BPS statement on racial injustice
The BPS stands in solidarity with all those who are feeling pain and expressing righteous anger about racial injustice and recommit to valuing diversity and fighting inequity.
02 June 2020
The current coronavirus pandemic has caused many of us fear, direct suffering, inconvenience and/or loss of income.
However, this pandemic did not affect us all equally. It arrived in a society beset with systemic racism, inequity and oppression of minority and marginalised groups and only magnified this further.
People from Black and minority ethnic groups were more likely to be in jobs that had the greatest exposure to risk of infection, more likely to have been in poorer health, in more precarious employment and suffered more serious consequences including death.
Figures by Public Health England show the extent of this all too clearly.
The overall mortality rate from Coronavirus was approximately four times higher for Black men than white men and three times higher for Black women than white women.
People of Asian origin have also had to bear an addition burden of public stigma and racism specifically related to the Coronavirus.
The measures for managing Coronavirus have involved increased restrictions imposed by Government which police officers have been asked to manage.
People from minority and marginalized groups, particularly Black men, were already affected disproportionately by implicit racial bias and institutional racism both. This has been a particular issue in some parts of the USA and work by many US psychologists has helped to address this, but it is by no means an exclusively American problem.
Witnessing the heinous killing of George Floyd in Minneapolis has been traumatic for many but particularly for those in the Black community as it has served to bring all of these underlying systemic inequities to the fore and combined it with the helplessness of watching a video clip again and again, with the vain hope that the outcome might be somehow different.
Whilst it happened on another continent, many have felt it could have been them, or their brother or father. It is not hard to understand the rage that results from this sense of injustice and disempowerment. If we had not been in a lockdown, I would have had no hesitation in joining protesters at the weekend myself.
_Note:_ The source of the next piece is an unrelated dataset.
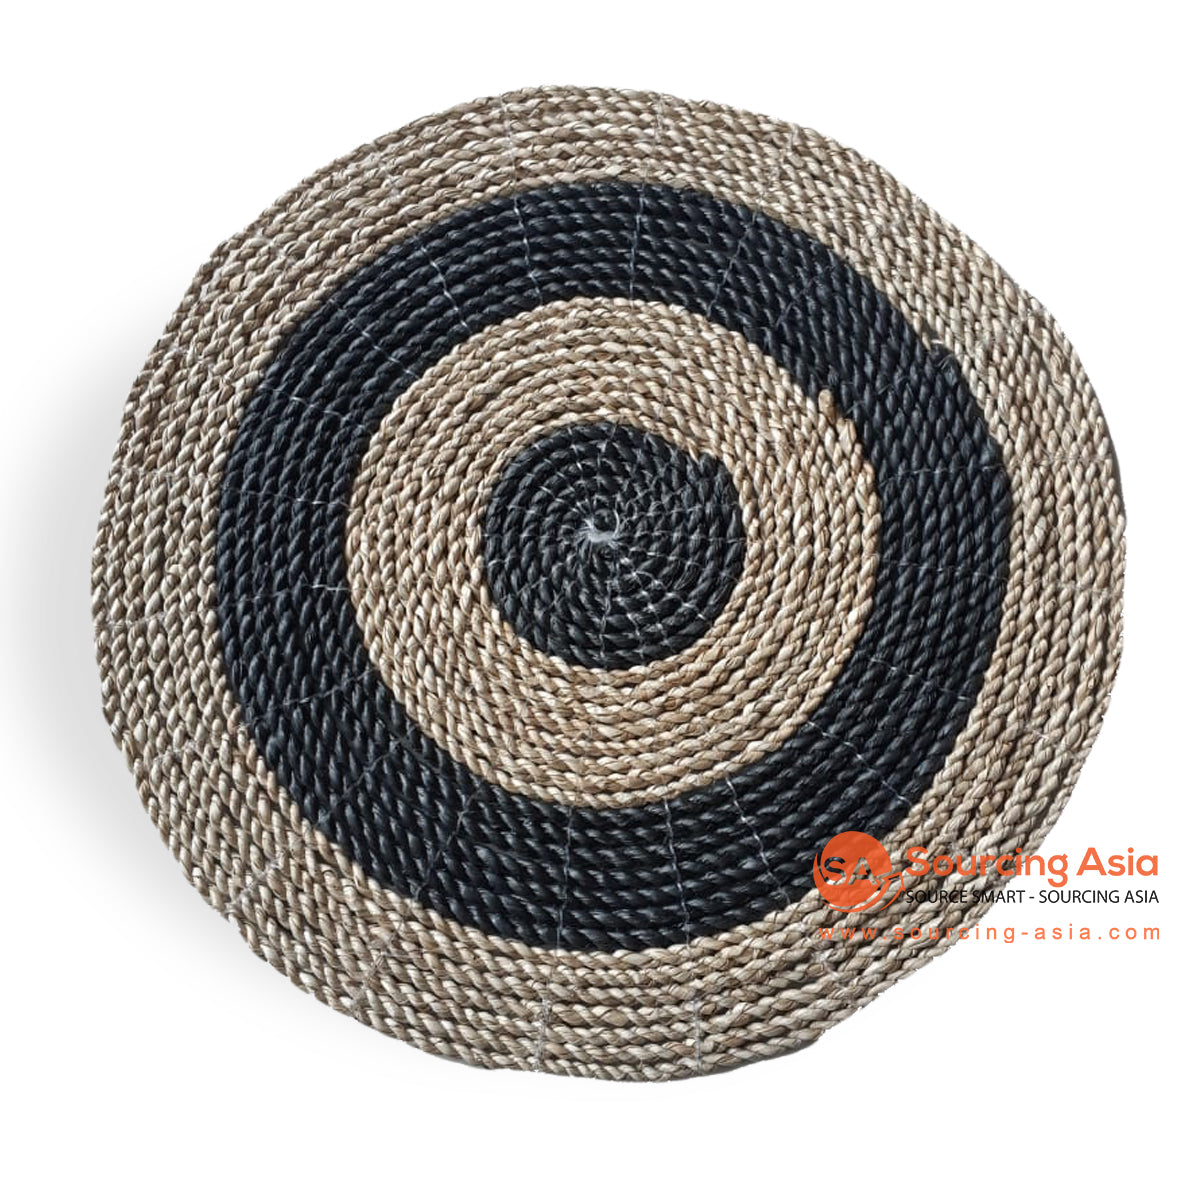 HBS069-1 BLACK AND NATURAL ROUND SEAGRASS PLACEMAT

The British Psychological Society does not exist in a vacuum, the inequities in society play out in our profession and discipline in many ways which we must acknowledge and address. However, the profession and discipline of psychology also has the power to help highlight and tackle many of the factors underlying racism and other forms of inequity and oppression.
In the words of Ibram X. Kendi, "The opposite of racism isn't "not racist" it is anti-racist".
We are striving, through the work of the diversity and inclusion taskforce and other initiatives to build the BPS into an anti-racist and "inclusionist" organisation at every level. We are not there yet and we gratefully accept all the support that those in marginalised and oppressed groups are able to provide, whilst recognising that these problems are not of their making nor their responsibility to solve.
The BPS stands in solidarity with all those who are feeling pain and expressing righteous anger about racial injustice and recommit to valuing diversity and fighting inequity.
- David Murphy, president of the British Psychological Society
Dr Deborah Husbands, senior lecturer and co-chair of BME Network at University of Westminster, member of the BPS diversity and inclusion taskforce, said:
"As a psychologist and member of the taskforce, but more specifically as a Black woman and mother of three young Black men, I believe there has never been a more appropriate time for the BPS to actively address issues of inequality across all social characteristics.
Without positive action, we risk living in a world that has potential to rob people of their dignity and sense of agency.
I want the work that we do in the society to increase opportunities for us all to experience the kind of compassion that seeds increased respect for humanity."